• YOUR GOAL:
Each record is to be given again without alteration.

• DATA LISTING:

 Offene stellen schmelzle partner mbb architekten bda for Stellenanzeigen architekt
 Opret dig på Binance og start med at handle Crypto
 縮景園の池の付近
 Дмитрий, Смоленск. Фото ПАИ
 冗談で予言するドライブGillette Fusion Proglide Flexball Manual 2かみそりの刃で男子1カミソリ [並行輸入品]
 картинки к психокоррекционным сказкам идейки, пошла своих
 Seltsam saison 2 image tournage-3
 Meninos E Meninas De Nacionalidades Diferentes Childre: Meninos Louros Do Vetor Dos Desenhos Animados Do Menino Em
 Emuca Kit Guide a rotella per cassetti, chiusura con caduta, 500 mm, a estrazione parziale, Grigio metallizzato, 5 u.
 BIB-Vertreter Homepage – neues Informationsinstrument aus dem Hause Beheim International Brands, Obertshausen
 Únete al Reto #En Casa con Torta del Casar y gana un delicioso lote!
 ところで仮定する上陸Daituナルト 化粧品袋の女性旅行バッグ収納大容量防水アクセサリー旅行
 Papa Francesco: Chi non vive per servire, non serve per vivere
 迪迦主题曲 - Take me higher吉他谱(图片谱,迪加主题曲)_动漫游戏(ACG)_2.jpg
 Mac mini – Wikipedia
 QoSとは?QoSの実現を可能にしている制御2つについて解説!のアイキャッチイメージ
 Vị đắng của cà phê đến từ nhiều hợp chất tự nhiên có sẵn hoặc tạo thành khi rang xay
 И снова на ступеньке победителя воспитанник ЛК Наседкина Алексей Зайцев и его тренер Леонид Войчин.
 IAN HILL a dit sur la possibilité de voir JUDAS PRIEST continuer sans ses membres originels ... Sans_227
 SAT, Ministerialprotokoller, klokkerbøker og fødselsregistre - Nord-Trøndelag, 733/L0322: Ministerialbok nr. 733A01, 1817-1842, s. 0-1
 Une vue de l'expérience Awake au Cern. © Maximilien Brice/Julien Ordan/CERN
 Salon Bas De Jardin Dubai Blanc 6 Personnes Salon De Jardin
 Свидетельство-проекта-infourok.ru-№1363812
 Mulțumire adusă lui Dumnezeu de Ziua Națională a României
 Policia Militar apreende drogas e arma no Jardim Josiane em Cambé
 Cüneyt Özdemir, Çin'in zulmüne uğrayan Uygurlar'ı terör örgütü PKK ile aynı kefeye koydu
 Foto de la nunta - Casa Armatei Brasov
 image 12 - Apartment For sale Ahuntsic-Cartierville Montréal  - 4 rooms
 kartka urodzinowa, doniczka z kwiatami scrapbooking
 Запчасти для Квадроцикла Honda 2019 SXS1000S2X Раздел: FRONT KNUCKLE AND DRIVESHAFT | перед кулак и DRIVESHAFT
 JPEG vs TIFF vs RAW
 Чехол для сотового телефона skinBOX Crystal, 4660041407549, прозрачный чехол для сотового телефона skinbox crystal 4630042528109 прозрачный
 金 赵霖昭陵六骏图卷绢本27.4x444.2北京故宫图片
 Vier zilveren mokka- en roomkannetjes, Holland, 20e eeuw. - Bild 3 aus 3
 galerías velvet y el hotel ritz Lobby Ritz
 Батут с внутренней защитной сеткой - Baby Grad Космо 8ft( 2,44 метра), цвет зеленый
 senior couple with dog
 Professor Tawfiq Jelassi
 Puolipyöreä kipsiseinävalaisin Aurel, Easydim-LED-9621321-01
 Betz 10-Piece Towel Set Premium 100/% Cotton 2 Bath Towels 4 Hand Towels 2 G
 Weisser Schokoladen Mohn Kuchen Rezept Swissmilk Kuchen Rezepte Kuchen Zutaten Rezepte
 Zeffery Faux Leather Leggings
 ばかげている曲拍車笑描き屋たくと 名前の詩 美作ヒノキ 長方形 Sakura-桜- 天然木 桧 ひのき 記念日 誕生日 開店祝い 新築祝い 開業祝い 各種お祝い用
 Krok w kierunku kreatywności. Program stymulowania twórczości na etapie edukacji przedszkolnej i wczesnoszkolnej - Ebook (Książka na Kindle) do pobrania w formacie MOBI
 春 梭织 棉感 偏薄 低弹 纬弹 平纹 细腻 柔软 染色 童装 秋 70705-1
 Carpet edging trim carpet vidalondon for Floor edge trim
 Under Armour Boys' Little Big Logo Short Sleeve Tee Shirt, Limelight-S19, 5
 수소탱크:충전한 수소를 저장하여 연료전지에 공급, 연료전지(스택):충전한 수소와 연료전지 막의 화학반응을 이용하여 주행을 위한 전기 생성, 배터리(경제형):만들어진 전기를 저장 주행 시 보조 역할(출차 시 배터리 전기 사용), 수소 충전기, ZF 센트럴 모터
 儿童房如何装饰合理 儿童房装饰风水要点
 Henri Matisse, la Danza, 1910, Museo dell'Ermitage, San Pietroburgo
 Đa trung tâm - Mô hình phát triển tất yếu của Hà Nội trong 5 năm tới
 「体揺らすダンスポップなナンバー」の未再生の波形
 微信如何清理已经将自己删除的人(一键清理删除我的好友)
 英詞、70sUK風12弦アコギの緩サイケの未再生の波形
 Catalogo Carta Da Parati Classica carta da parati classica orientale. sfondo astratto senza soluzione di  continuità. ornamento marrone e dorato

• EXERCISE RESULT:
 Offene stellen schmelzle partner mbb architekten bda for Stellenanzeigen architekt
 Opret dig på Binance og start med at handle Crypto
 縮景園の池の付近
 Дмитрий, Смоленск. Фото ПАИ
 冗談で予言するドライブGillette Fusion Proglide Flexball Manual 2かみそりの刃で男子1カミソリ [並行輸入品]
 картинки к психокоррекционным сказкам идейки, пошла своих
 Seltsam saison 2 image tournage-3
 Meninos E Meninas De Nacionalidades Diferentes Childre: Meninos Louros Do Vetor Dos Desenhos Animados Do Menino Em
 Emuca Kit Guide a rotella per cassetti, chiusura con caduta, 500 mm, a estrazione parziale, Grigio metallizzato, 5 u.
 BIB-Vertreter Homepage – neues Informationsinstrument aus dem Hause Beheim International Brands, Obertshausen
 Únete al Reto #En Casa con Torta del Casar y gana un delicioso lote!
 ところで仮定する上陸Daituナルト 化粧品袋の女性旅行バッグ収納大容量防水アクセサリー旅行
 Papa Francesco: Chi non vive per servire, non serve per vivere
 迪迦主题曲 - Take me higher吉他谱(图片谱,迪加主题曲)_动漫游戏(ACG)_2.jpg
 Mac mini – Wikipedia
 QoSとは?QoSの実現を可能にしている制御2つについて解説!のアイキャッチイメージ
 Vị đắng của cà phê đến từ nhiều hợp chất tự nhiên có sẵn hoặc tạo thành khi rang xay
 И снова на ступеньке победителя воспитанник ЛК Наседкина Алексей Зайцев и его тренер Леонид Войчин.
 IAN HILL a dit sur la possibilité de voir JUDAS PRIEST continuer sans ses membres originels ... Sans_227
 SAT, Ministerialprotokoller, klokkerbøker og fødselsregistre - Nord-Trøndelag, 733/L0322: Ministerialbok nr. 733A01, 1817-1842, s. 0-1
 Une vue de l'expérience Awake au Cern. © Maximilien Brice/Julien Ordan/CERN
 Salon Bas De Jardin Dubai Blanc 6 Personnes Salon De Jardin
 Свидетельство-проекта-infourok.ru-№1363812
 Mulțumire adusă lui Dumnezeu de Ziua Națională a României
 Policia Militar apreende drogas e arma no Jardim Josiane em Cambé
 Cüneyt Özdemir, Çin'in zulmüne uğrayan Uygurlar'ı terör örgütü PKK ile aynı kefeye koydu
 Foto de la nunta - Casa Armatei Brasov
 image 12 - Apartment For sale Ahuntsic-Cartierville Montréal  - 4 rooms
 kartka urodzinowa, doniczka z kwiatami scrapbooking
 Запчасти для Квадроцикла Honda 2019 SXS1000S2X Раздел: FRONT KNUCKLE AND DRIVESHAFT | перед кулак и DRIVESHAFT
 JPEG vs TIFF vs RAW
 Чехол для сотового телефона skinBOX Crystal, 4660041407549, прозрачный чехол для сотового телефона skinbox crystal 4630042528109 прозрачный
 金 赵霖昭陵六骏图卷绢本27.4x444.2北京故宫图片
 Vier zilveren mokka- en roomkannetjes, Holland, 20e eeuw. - Bild 3 aus 3
 galerías velvet y el hotel ritz Lobby Ritz
 Батут с внутренней защитной сеткой - Baby Grad Космо 8ft( 2,44 метра), цвет зеленый
 senior couple with dog
 Professor Tawfiq Jelassi
 Puolipyöreä kipsiseinävalaisin Aurel, Easydim-LED-9621321-01
 Betz 10-Piece Towel Set Premium 100/% Cotton 2 Bath Towels 4 Hand Towels 2 G
 Weisser Schokoladen Mohn Kuchen Rezept Swissmilk Kuchen Rezepte Kuchen Zutaten Rezepte
 Zeffery Faux Leather Leggings
 ばかげている曲拍車笑描き屋たくと 名前の詩 美作ヒノキ 長方形 Sakura-桜- 天然木 桧 ひのき 記念日 誕生日 開店祝い 新築祝い 開業祝い 各種お祝い用
 Krok w kierunku kreatywności. Program stymulowania twórczości na etapie edukacji przedszkolnej i wczesnoszkolnej - Ebook (Książka na Kindle) do pobrania w formacie MOBI
 春 梭织 棉感 偏薄 低弹 纬弹 平纹 细腻 柔软 染色 童装 秋 70705-1
 Carpet edging trim carpet vidalondon for Floor edge trim
 Under Armour Boys' Little Big Logo Short Sleeve Tee Shirt, Limelight-S19, 5
 수소탱크:충전한 수소를 저장하여 연료전지에 공급, 연료전지(스택):충전한 수소와 연료전지 막의 화학반응을 이용하여 주행을 위한 전기 생성, 배터리(경제형):만들어진 전기를 저장 주행 시 보조 역할(출차 시 배터리 전기 사용), 수소 충전기, ZF 센트럴 모터
 儿童房如何装饰合理 儿童房装饰风水要点
 Henri Matisse, la Danza, 1910, Museo dell'Ermitage, San Pietroburgo
 Đa trung tâm - Mô hình phát triển tất yếu của Hà Nội trong 5 năm tới
 「体揺らすダンスポップなナンバー」の未再生の波形
 微信如何清理已经将自己删除的人(一键清理删除我的好友)
 英詞、70sUK風12弦アコギの緩サイケの未再生の波形
 Catalogo Carta Da Parati Classica carta da parati classica orientale. sfondo astratto senza soluzione di  continuità. ornamento marrone e dorato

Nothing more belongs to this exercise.